EXERCISE GOAL:
Start at the first line below and write out everything verbatim except the pictures.

DATA PROVIDED:
____

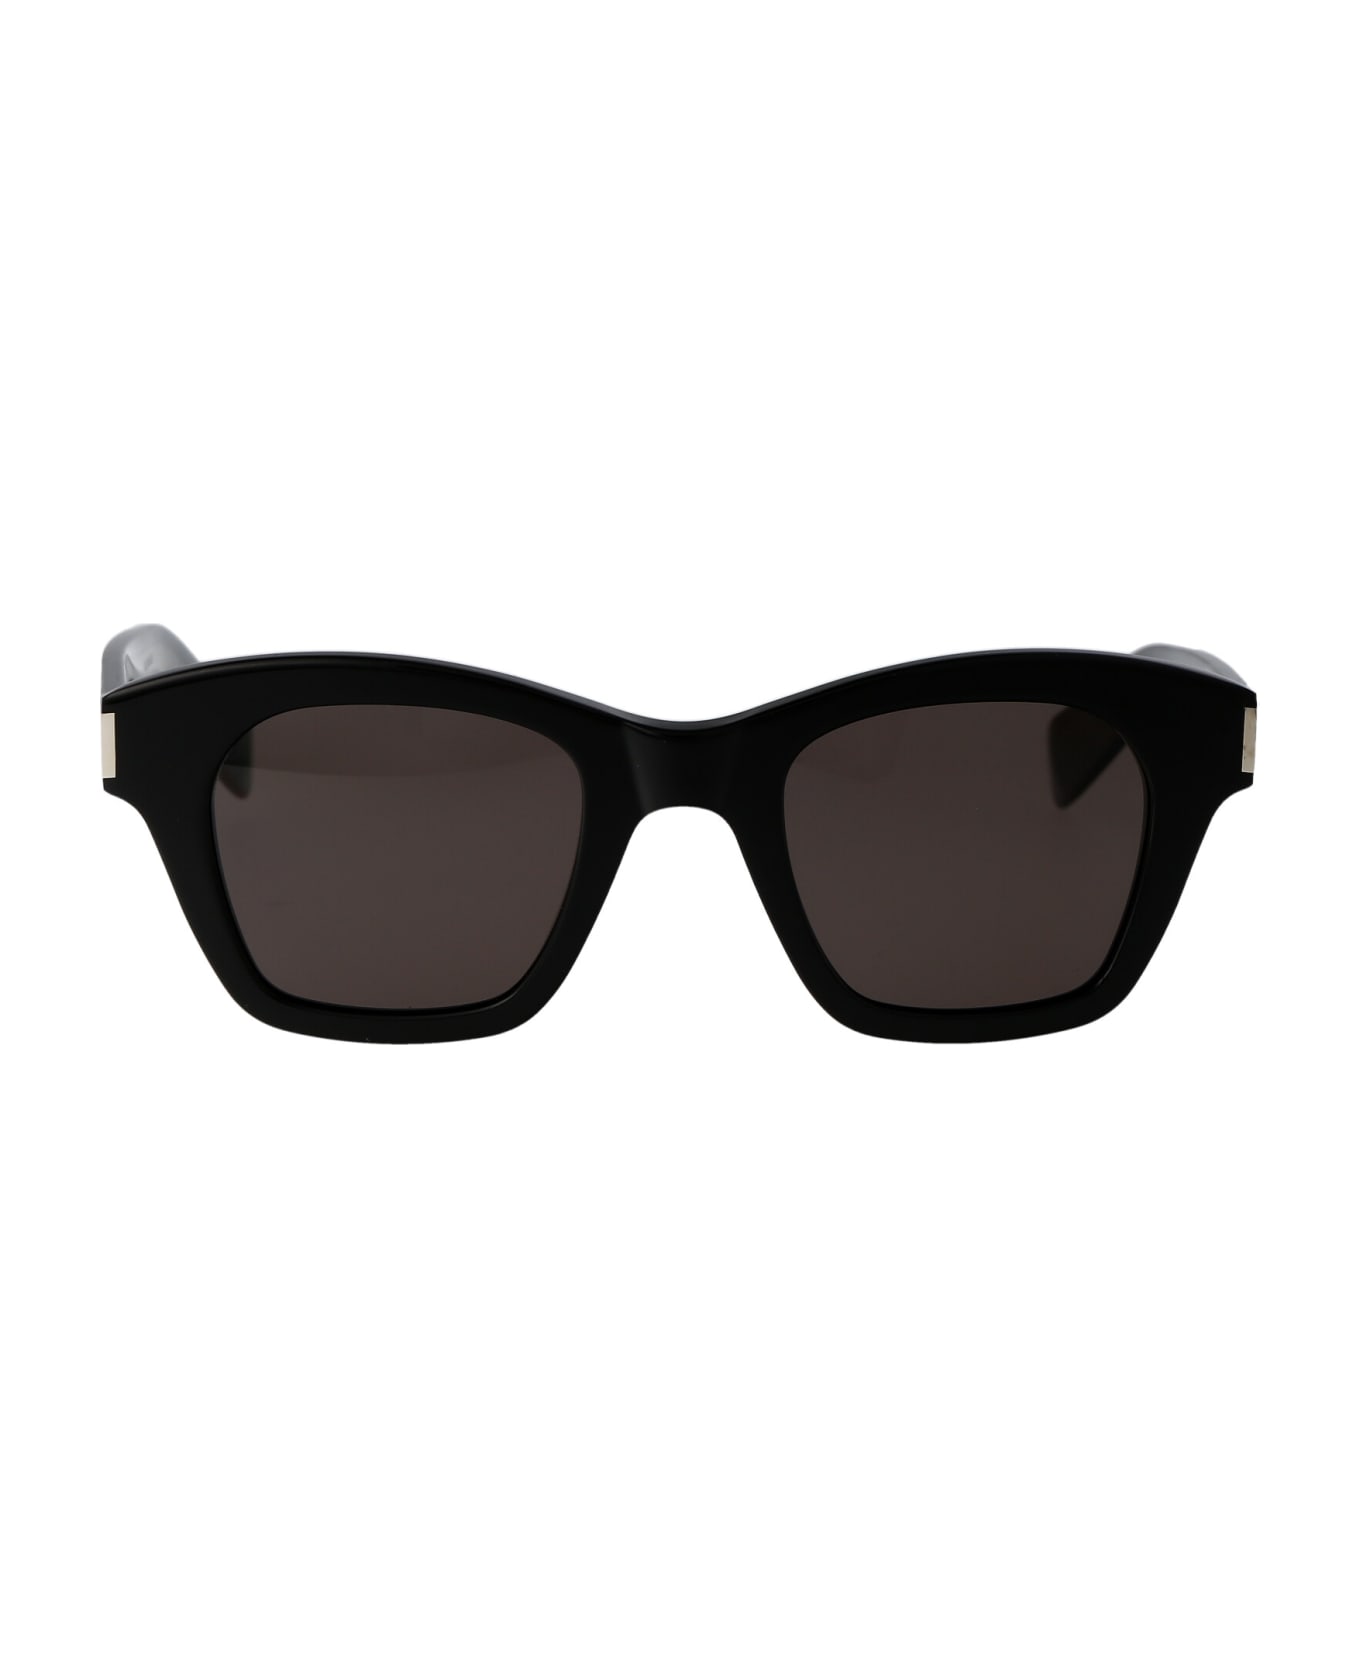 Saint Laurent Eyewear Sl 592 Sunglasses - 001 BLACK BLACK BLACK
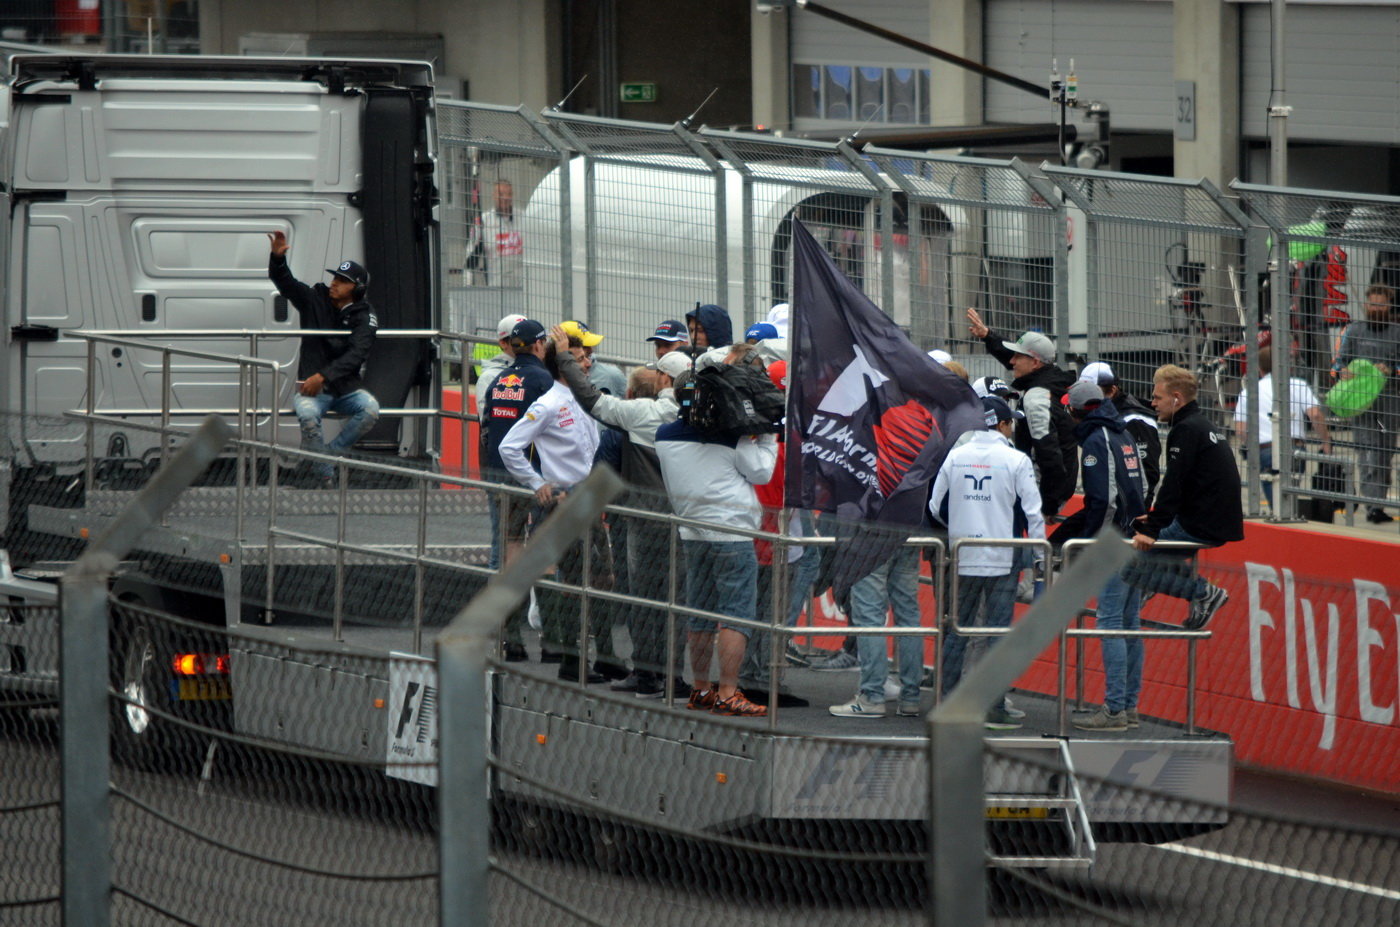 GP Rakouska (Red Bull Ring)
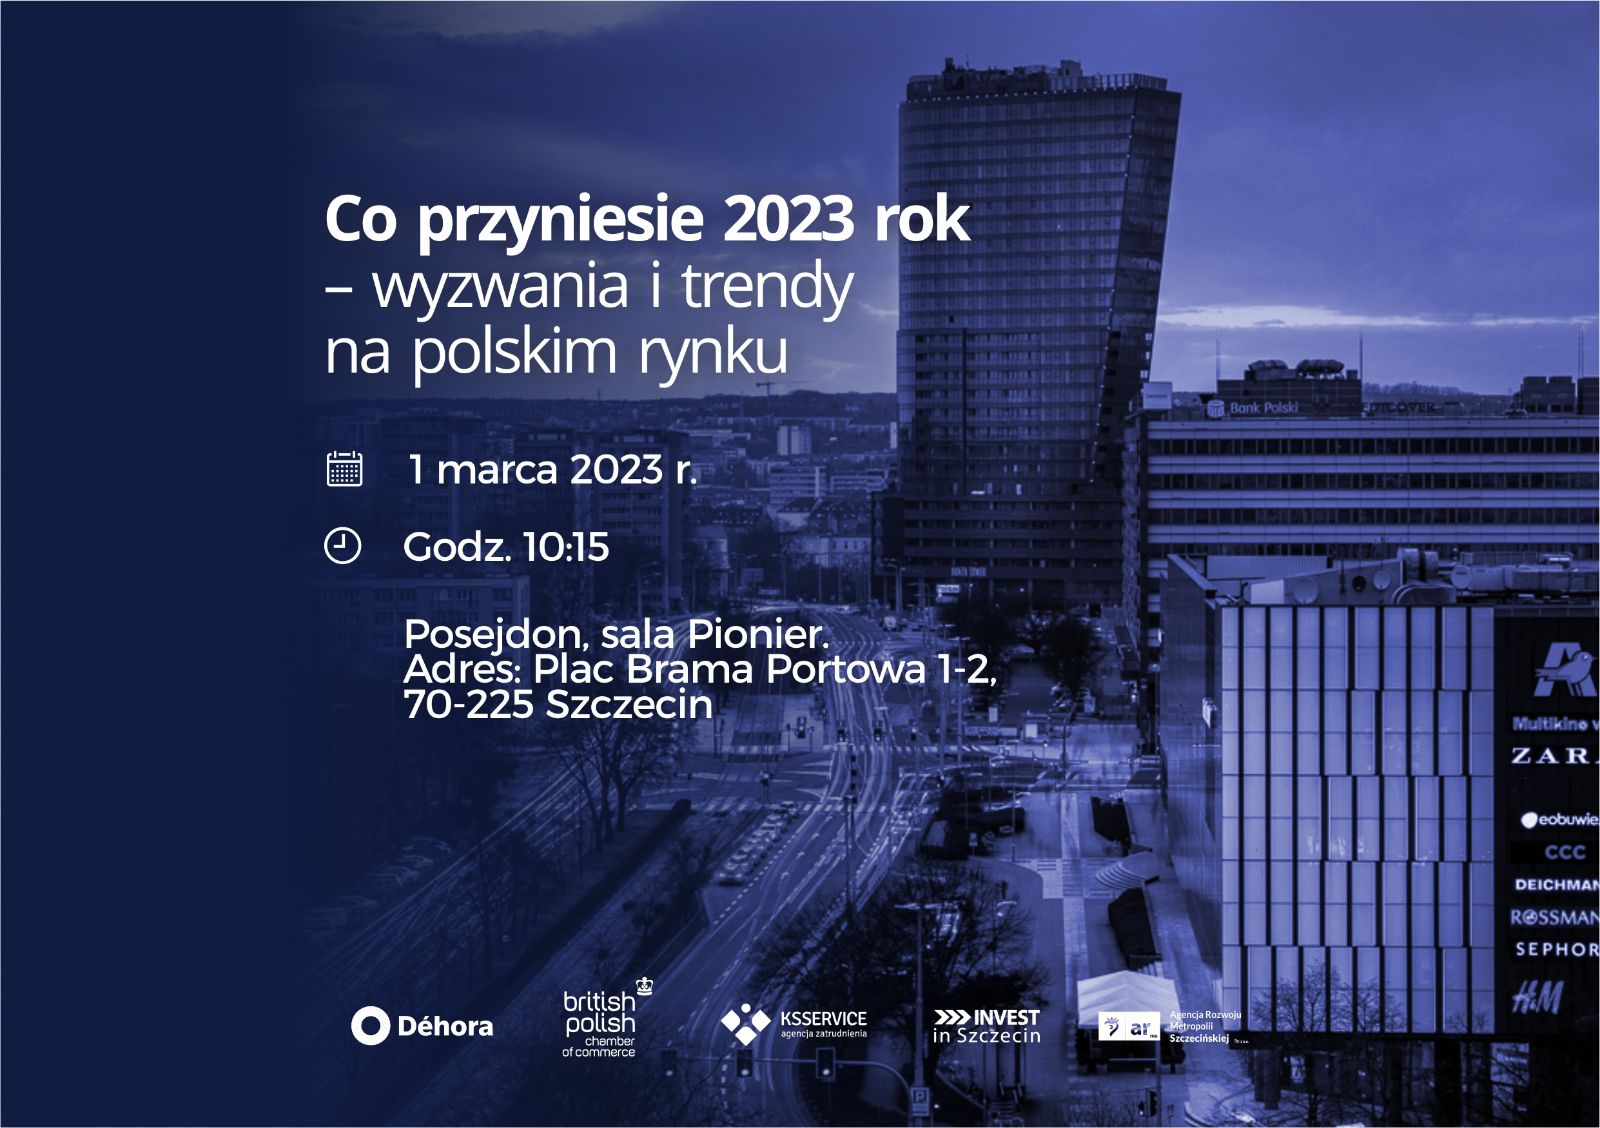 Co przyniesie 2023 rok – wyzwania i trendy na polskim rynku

____

EXERCISE OUTPUT:
 Saint Laurent Eyewear Sl 592 Sunglasses - 001 BLACK BLACK BLACK
 GP Rakouska (Red Bull Ring)
 Co przyniesie 2023 rok – wyzwania i trendy na polskim rynku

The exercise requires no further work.